The server never needs decryption keys or access to the encryption
session. All verification data (ciphertext and verification_hash) is
already stored in the database. Verification requires only a local
database fetch and a single SHA-256 computation.

### Security Properties

**Prevents rainbow table attacks**: Each message has a unique pepper
(its ciphertext), preventing pre-computation of common phrases. An
attacker would need to generate a new rainbow table for every single
message, making mass surveillance infeasible.

**Prevents pattern matching**: Same plaintext produces different hashes
in different messages since each has unique ciphertext.

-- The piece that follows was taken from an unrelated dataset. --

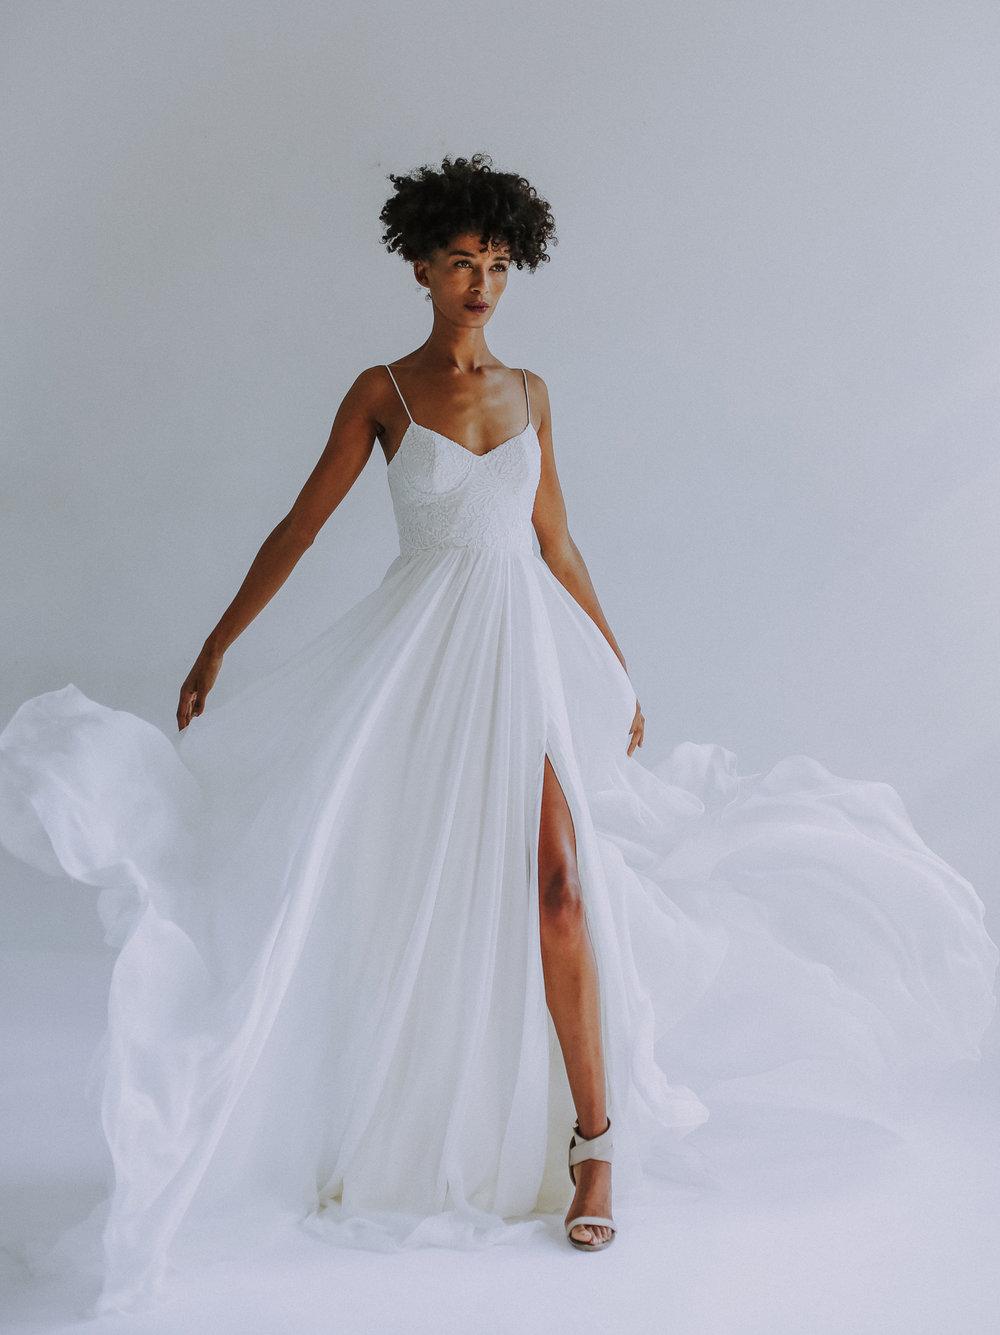 leanne-marshall-wedding-gown-1.jpg

**Allows targeted verification**: Servers can verify suspected content
in specific messages when they have reason to investigate (the intended
moderation use case).

**Does not enable mass surveillance**: Checking if a keyword exists
requires testing it against every individual message's unique pepper,
which does not scale.

## Potential Issues

**Backwards compatibility**: Existing clients don't send
`verification_hash`. The field should be optional during transition,
with servers falling back to social trust when absent. During the
unstable period, use `org.matrix.msc4382.verification_hash`.

**Event size increase**: Adds approximately 43 bytes for base64-encoded
SHA-256 output, plus field name and JSON delimiters (~60 bytes total).
For typical messages this represents ~10-15% overhead, which is
considered acceptable for the moderation benefit provided.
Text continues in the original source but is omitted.